Data for this task.
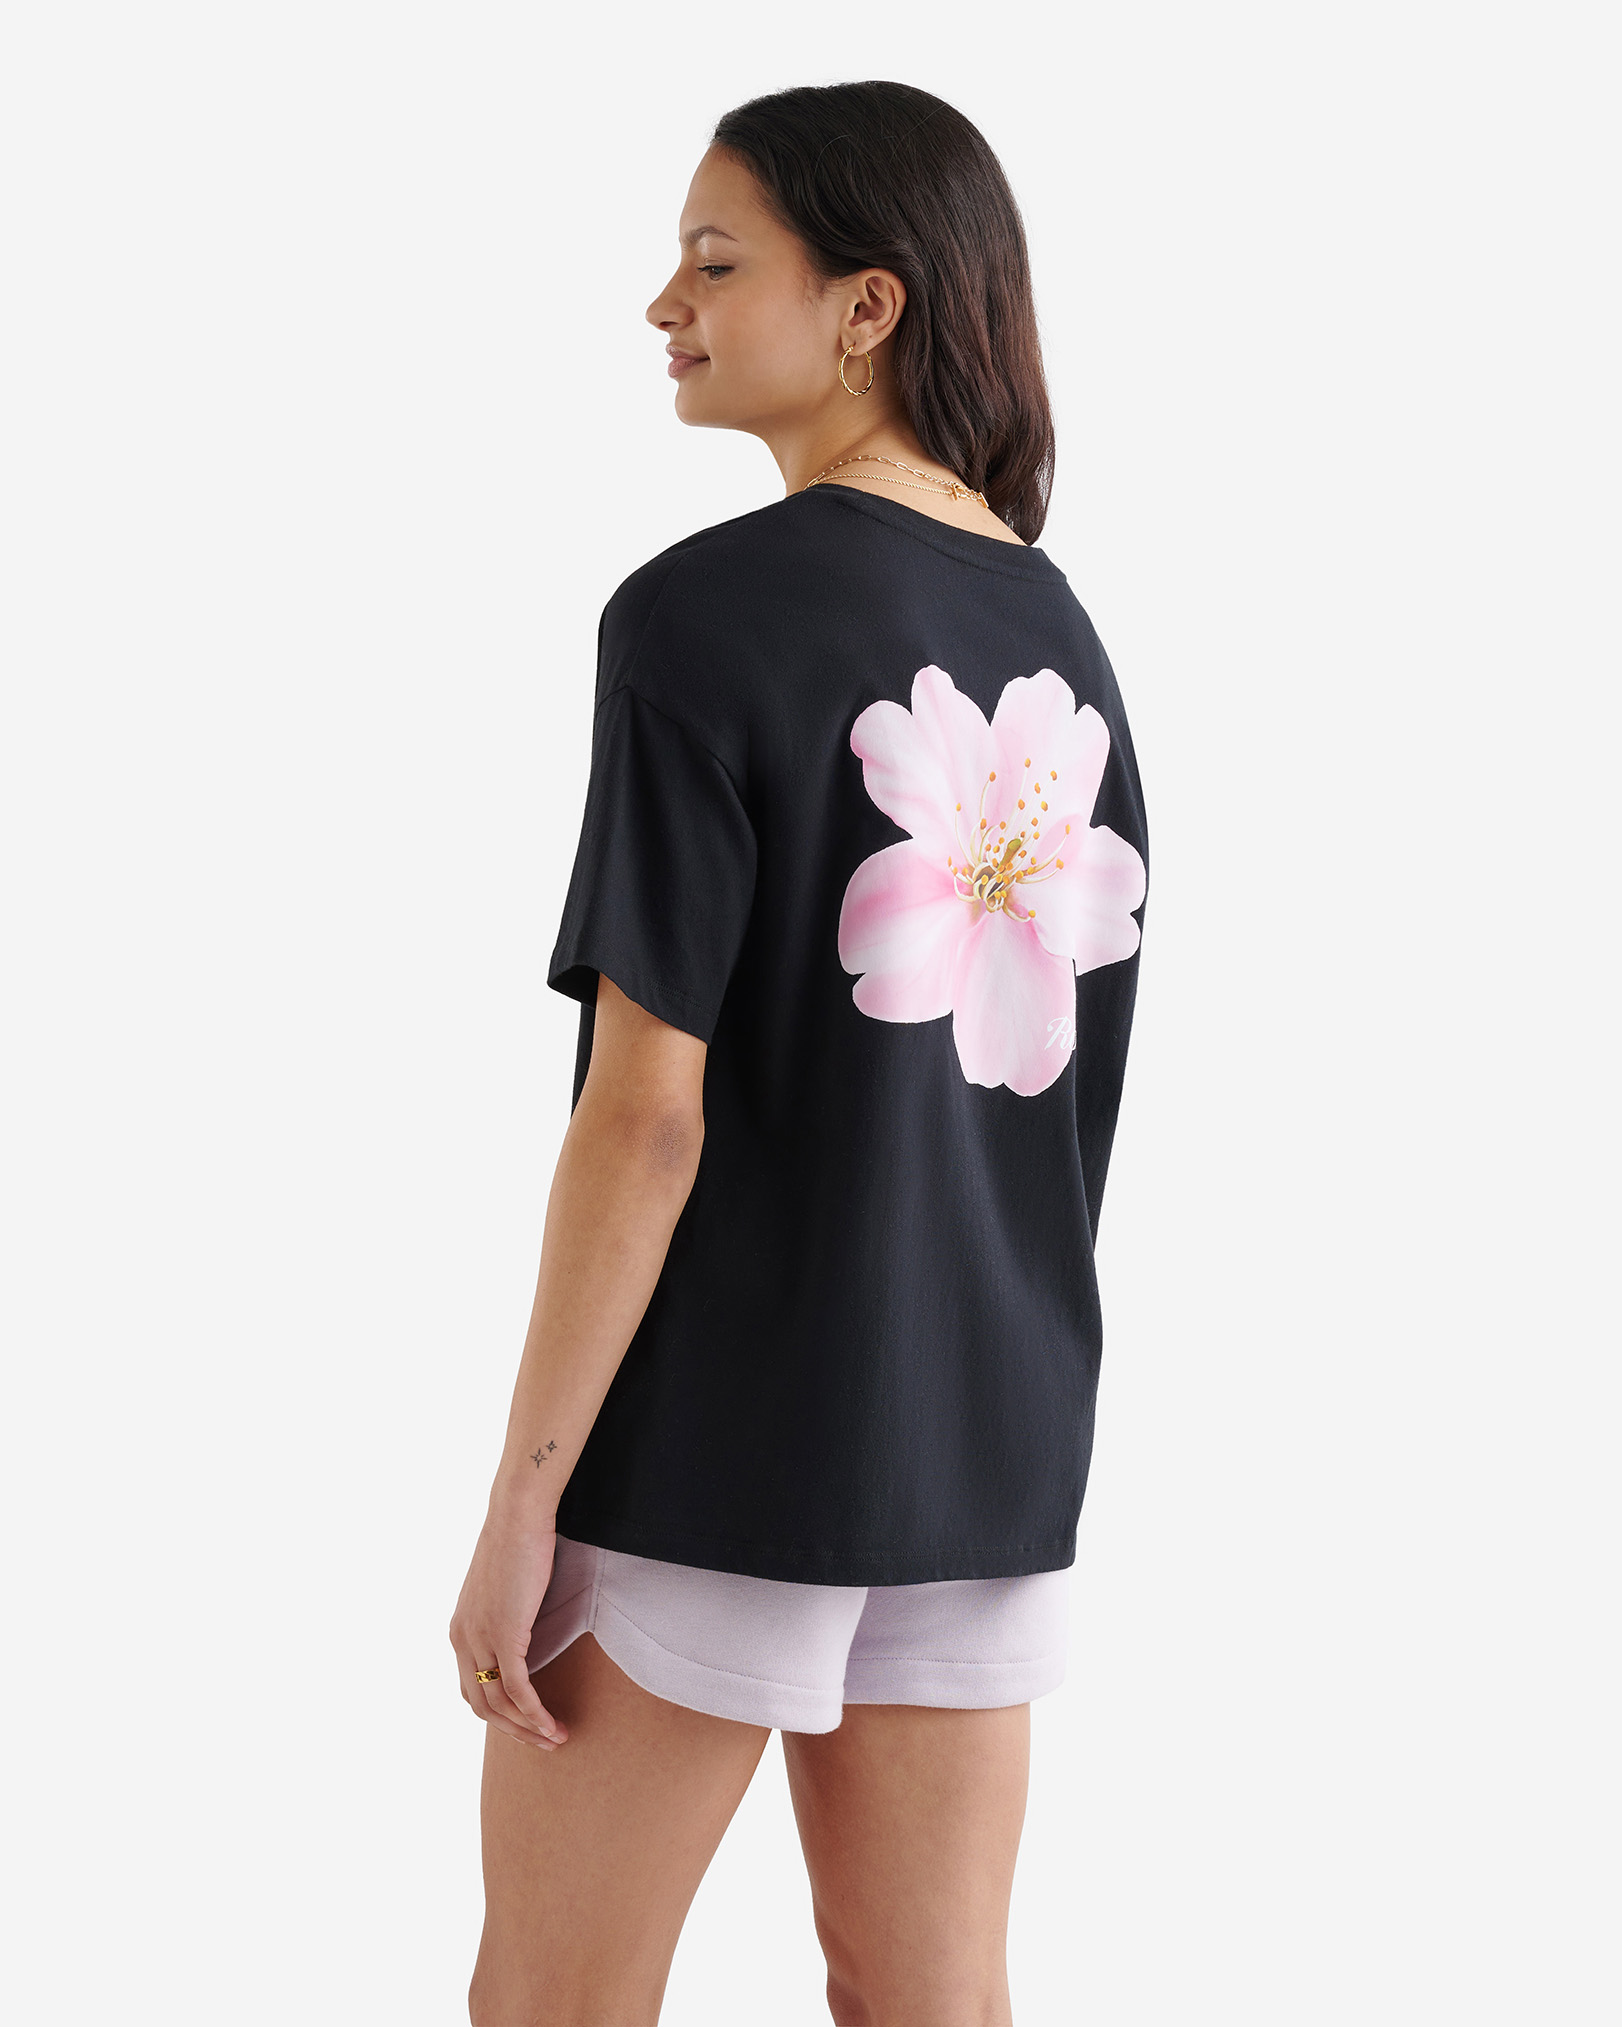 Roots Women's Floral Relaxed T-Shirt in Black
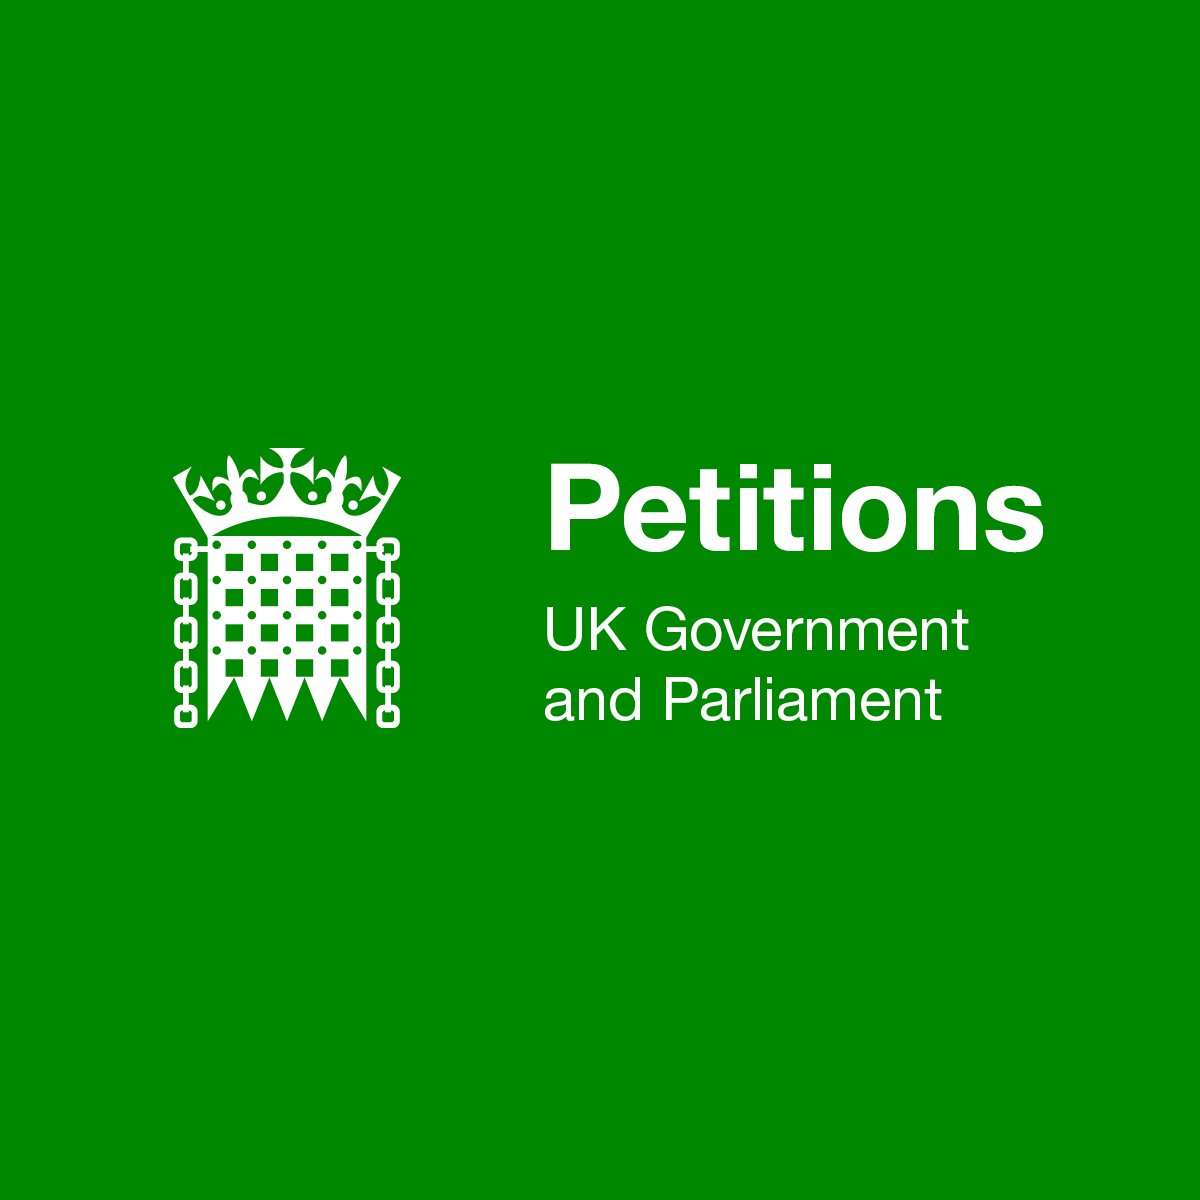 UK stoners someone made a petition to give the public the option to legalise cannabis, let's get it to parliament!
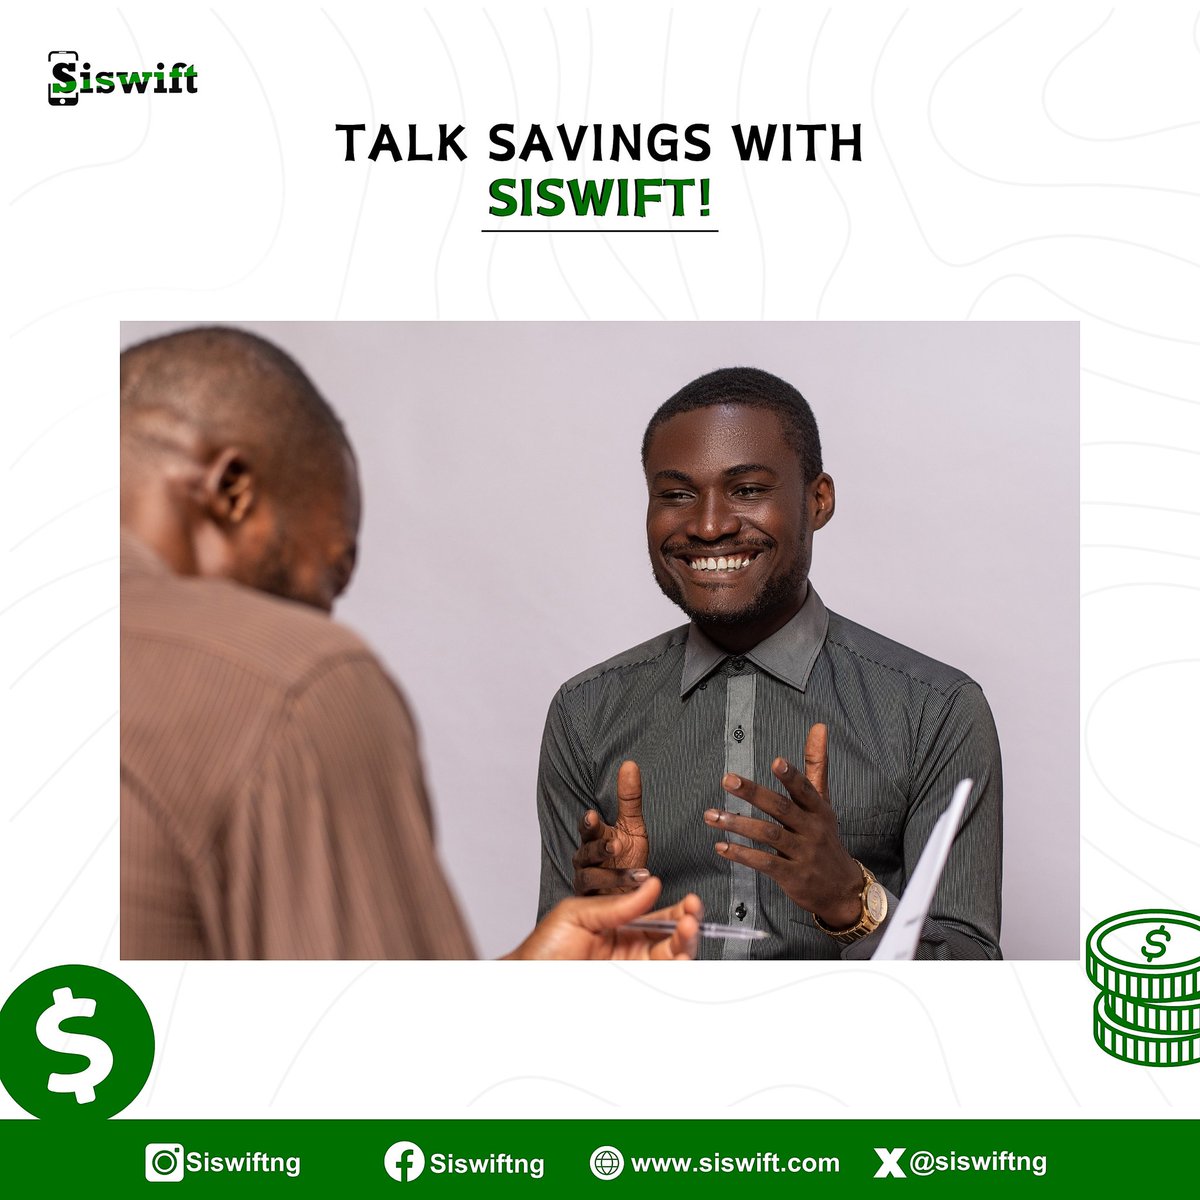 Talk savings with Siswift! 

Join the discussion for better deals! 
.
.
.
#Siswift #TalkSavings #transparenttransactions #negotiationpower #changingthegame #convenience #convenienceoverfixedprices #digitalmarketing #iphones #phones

Task objective. Leave out the pictures and copy exactly the lines from the one with "Talk savings with Siswift!" through the last line of the records above.

Answer.
 Talk savings with Siswift! 

Join the discussion for better deals! 
.
.
.
#Siswift #TalkSavings #transparenttransactions #negotiationpower #changingthegame #convenience #convenienceoverfixedprices #digitalmarketing #iphones #phones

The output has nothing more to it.